Spieth looking to find form, repeat at The Open
To repeat as Champion Golfer of the Year is a tall order, and if Jordan Spieth is to accomplish the task in 2018, he must regain a form that has been missing most of this season.
Spieth comes to Carnoustie fresh after taking some time off to regroup. It was time well needed. Following a third-place finish at the Masters, which included serious fireworks en route to a 64 on Sunday, his game went flat, with lowlights including missed cuts at the Memorial and U.S. Open.
After finishing 42nd on June 24th at the Travelers Championship, Spieth put the clubs away to hit the reset button.
"I needed a break," said Spieth, on hand Monday at Carnoustie to return the Claret Jug. "I was kind of dragging along, playing cut-line golf for awhile, and playing a pretty heavy schedule."
Spieth used the break to visit Seattle and attend his sister's cheerleading competition in the Special Olympics.
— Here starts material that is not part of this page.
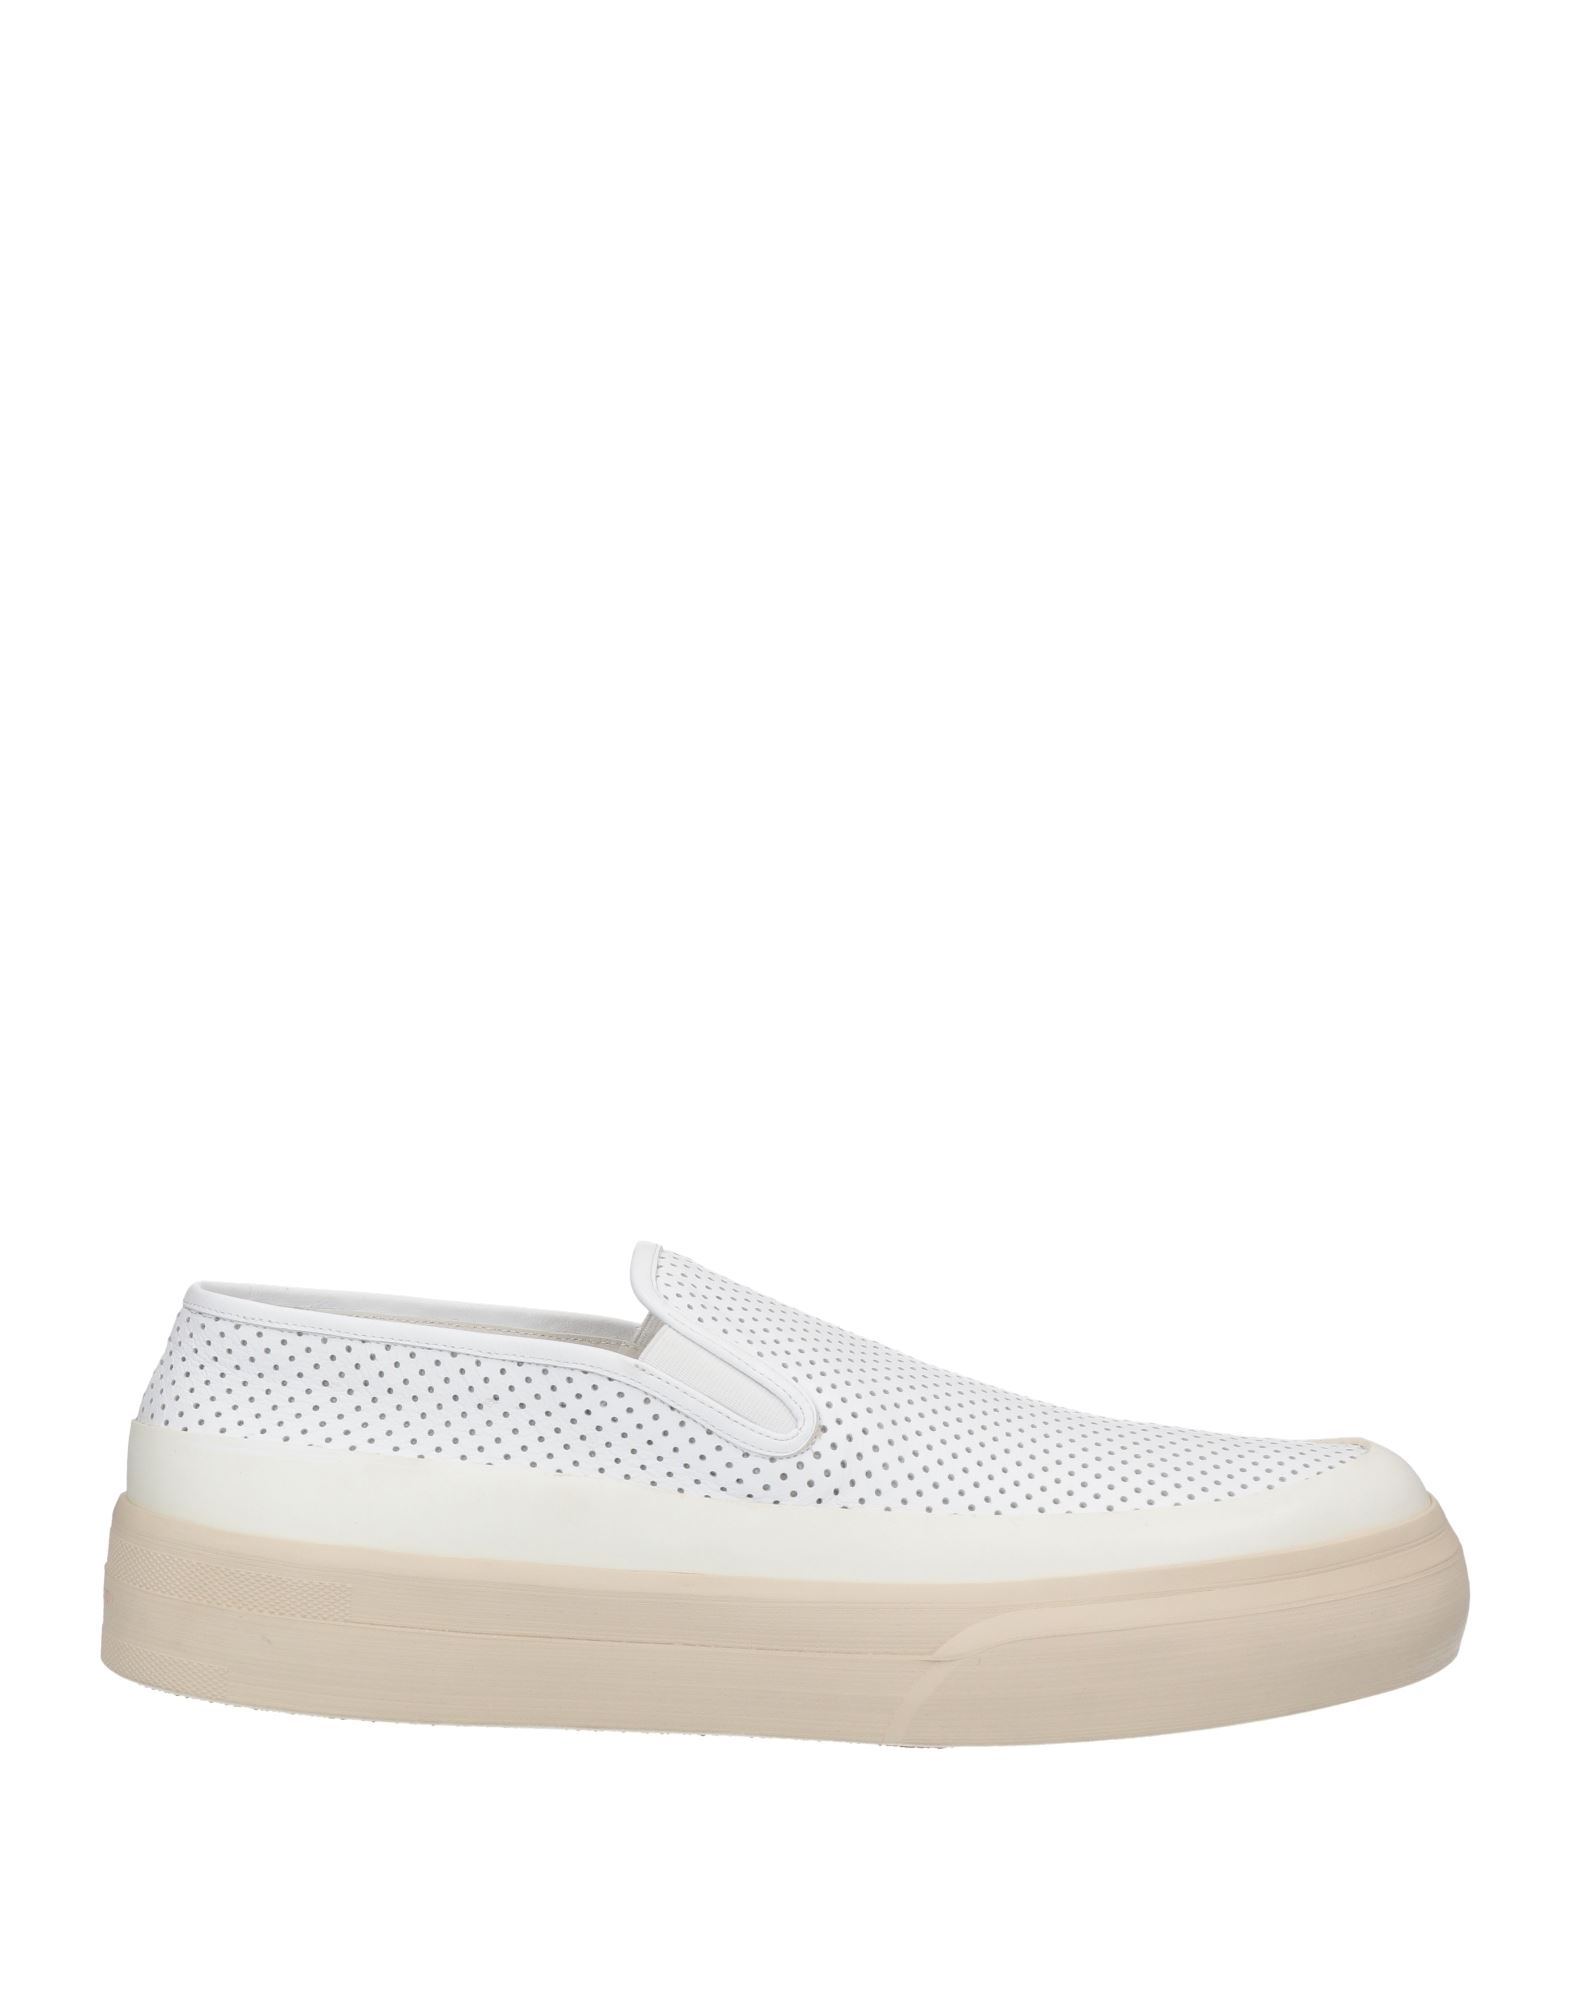 Dries Van Noten Sneakers In White

The time in the Pacific Northwest also allowed him to visit the site of his 2015 U.S. Open victory, Chambers Bay, and feel the vibes of his triumph by walking up the 18th fairway with caddie Michael Greller. Time spent in Cabo San Lucas, Mexico, included some social golf, but he didn't get back to seriously looking at his game until he was back at home last week.
Spieth used the practice time to find his swing, in particular getting back to a natural setup. He feels the unique style of links golf is just what he needs to get back to playing with feel.
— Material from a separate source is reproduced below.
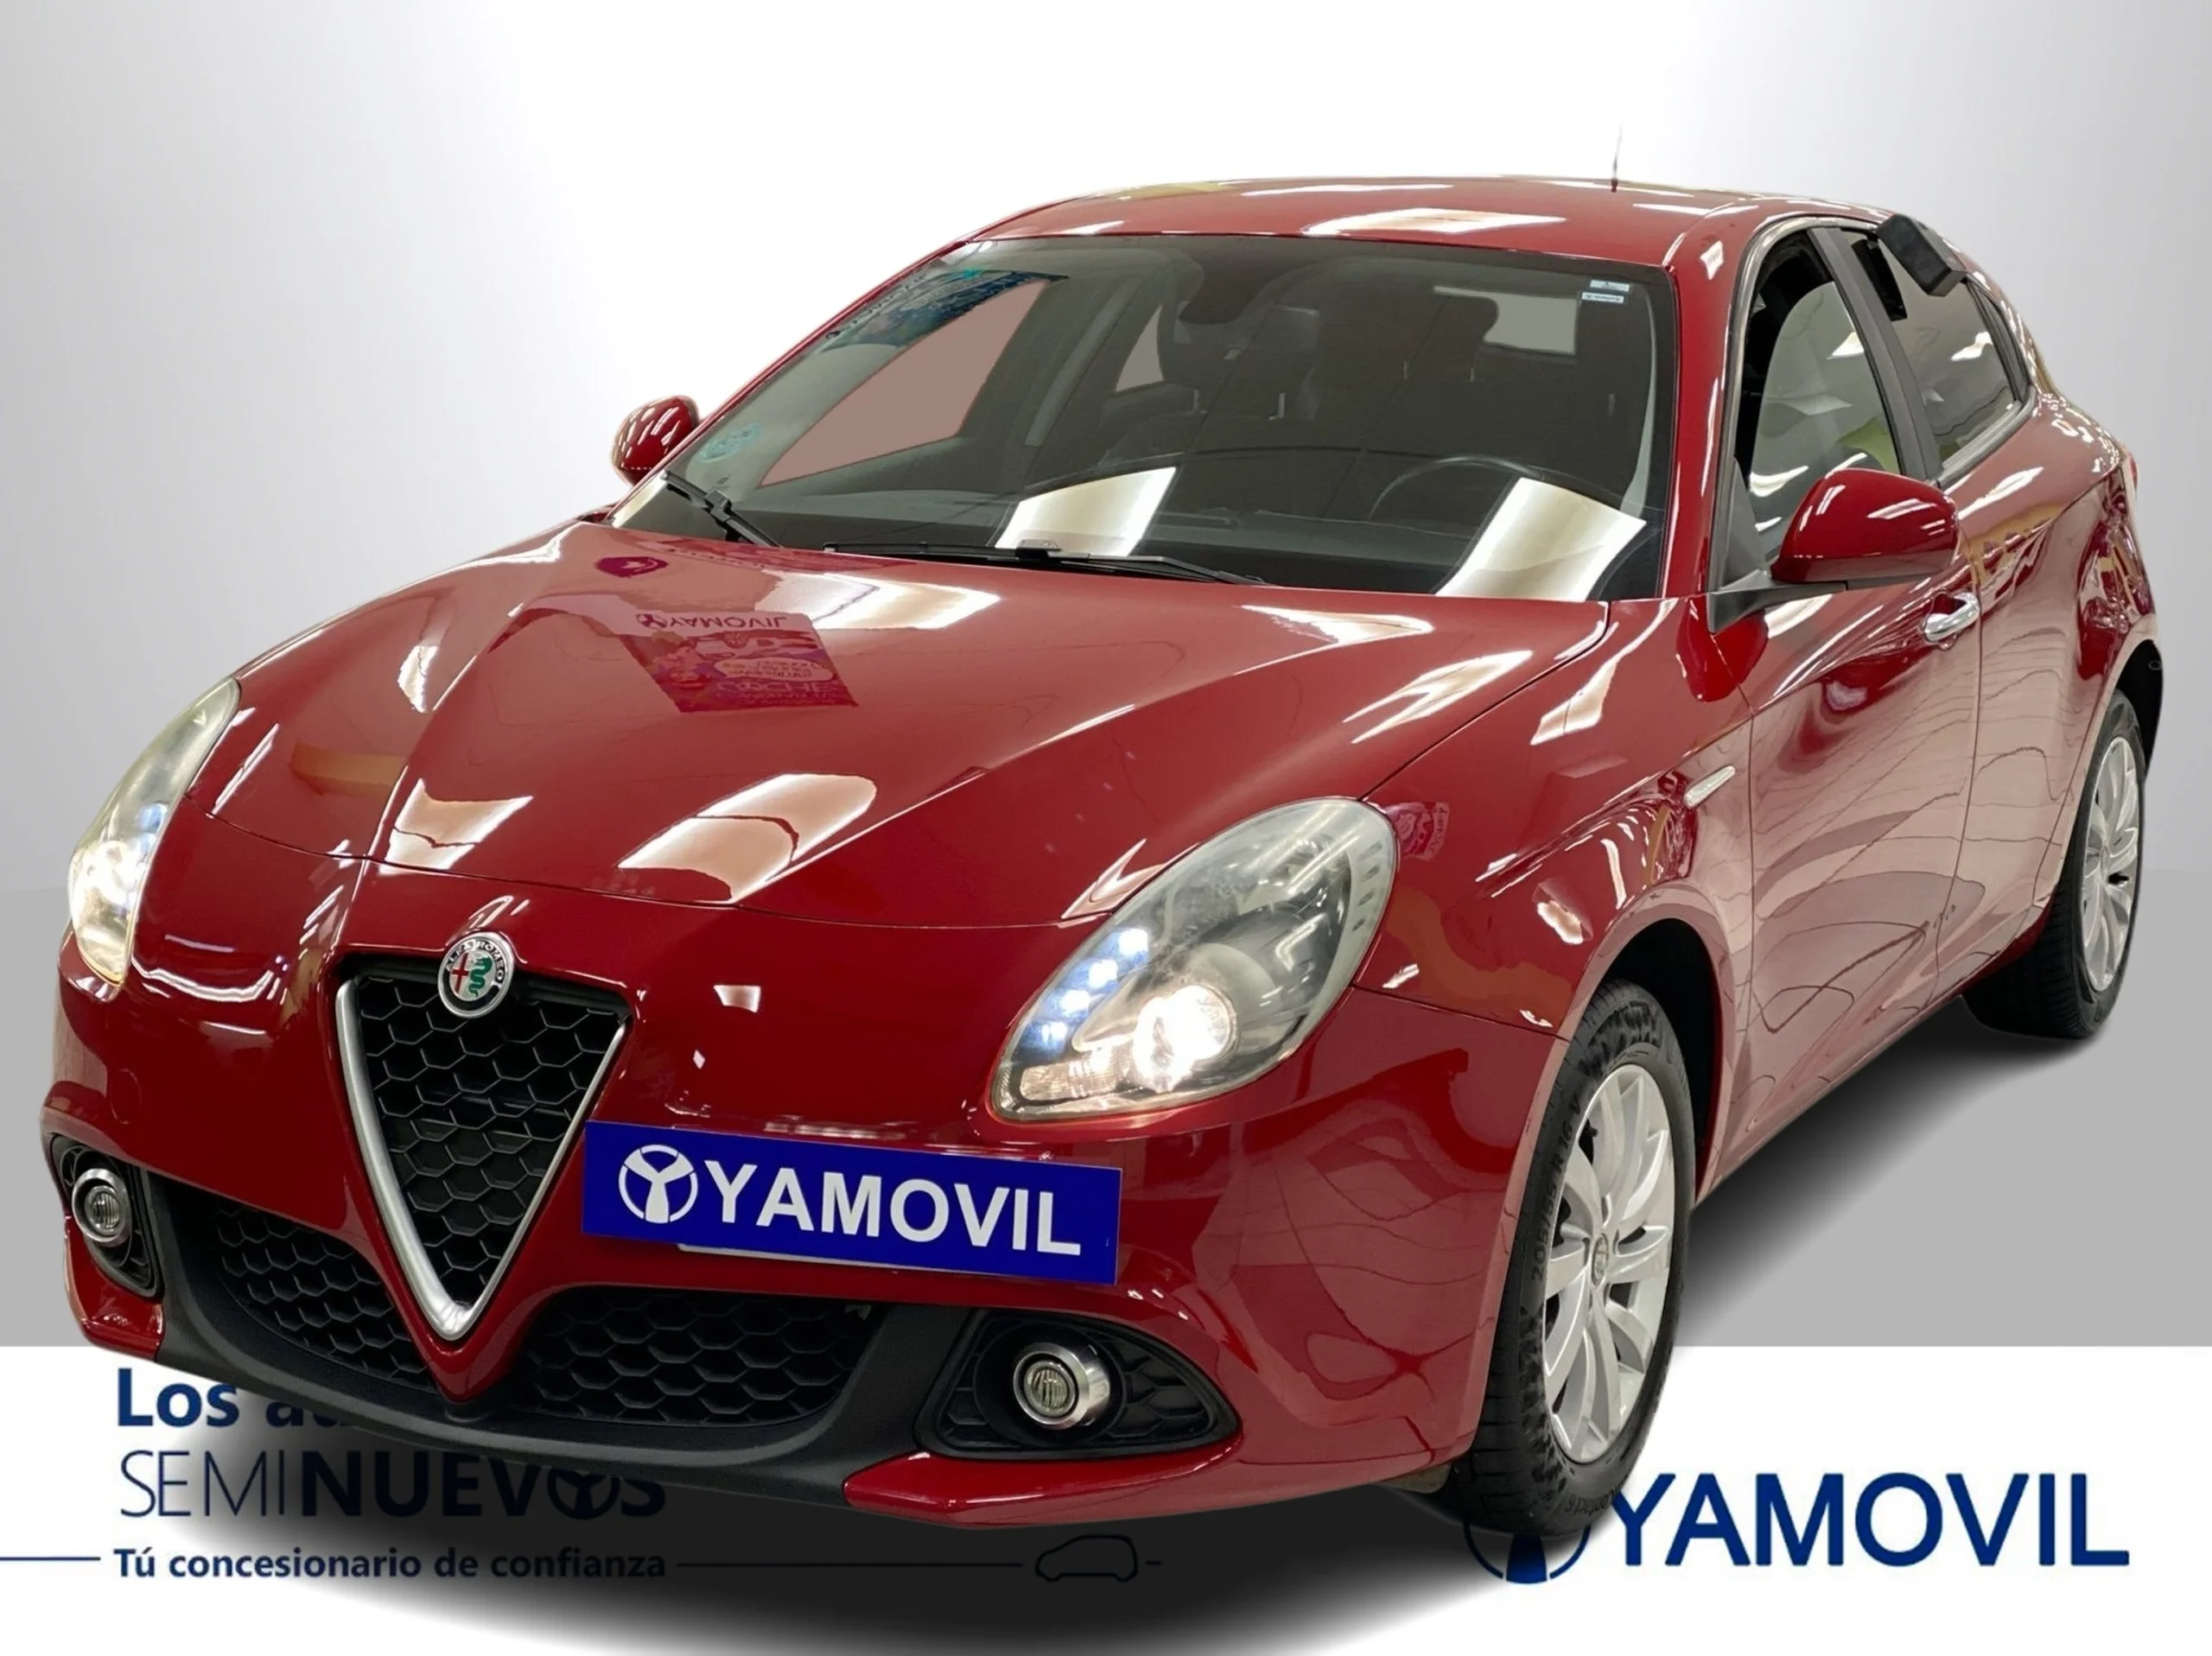 Alfa Romeo Giulietta 1.6 JTD Giulietta 88 kW (120 CV) - Foto 3

"I'd gotten very technical and very into making everything perfect instead of the way that I normally play,” he said.
"This week kind of provides that opportunity where you don't know how far the ball is necessarily going off the tee. You need to play to the spots and then you have to use your imagination from there. Hold the ball, ride the wind. A lot of different scenarios."
Repeating at The Open has been more common than the U.S. Open, though Brooks Koepka accomplished the feat last month for the first time since Curtis Strange in '88-'89. Padraig Harrington was the last Champion Golfer of the Year to do so in 2007-08, and that followed a repeat by Tiger Woods in '05-06. Tom Watson ('82-'83), Lee Trevino ('71-'72) and Arnold Palmer ('61-'62). The late Peter Thomson, who passed away this past June, is the only player since the beginning of the 20th century to three-peat ('56-'58).
Spieth will need to get up to speed quickly on the unique challenges that Carnoustie presents. As of lunchtime Monday, he hadn't been out onto the course for a practice round. So far, his familiarity with the course is only what his discussions have been with his caddie and other players, along with his memories of the 2007 Open playoff between Harrington and Sergio Garcia.
Word is already getting around about how the infamous links is setting up to be particularly severe given the dry summer in the British Isles.
"I think the 8th hole," he said. "Someone told me if we hit a draw on a par 3 it could land on the green and go out of bounds."
Nevertheless, the three-time major champion, who tees off Thursday morning at 9:58 am local time, will arrive to the tee with the sole confidence that comes with being the most recent name engraved on the Claret Jug.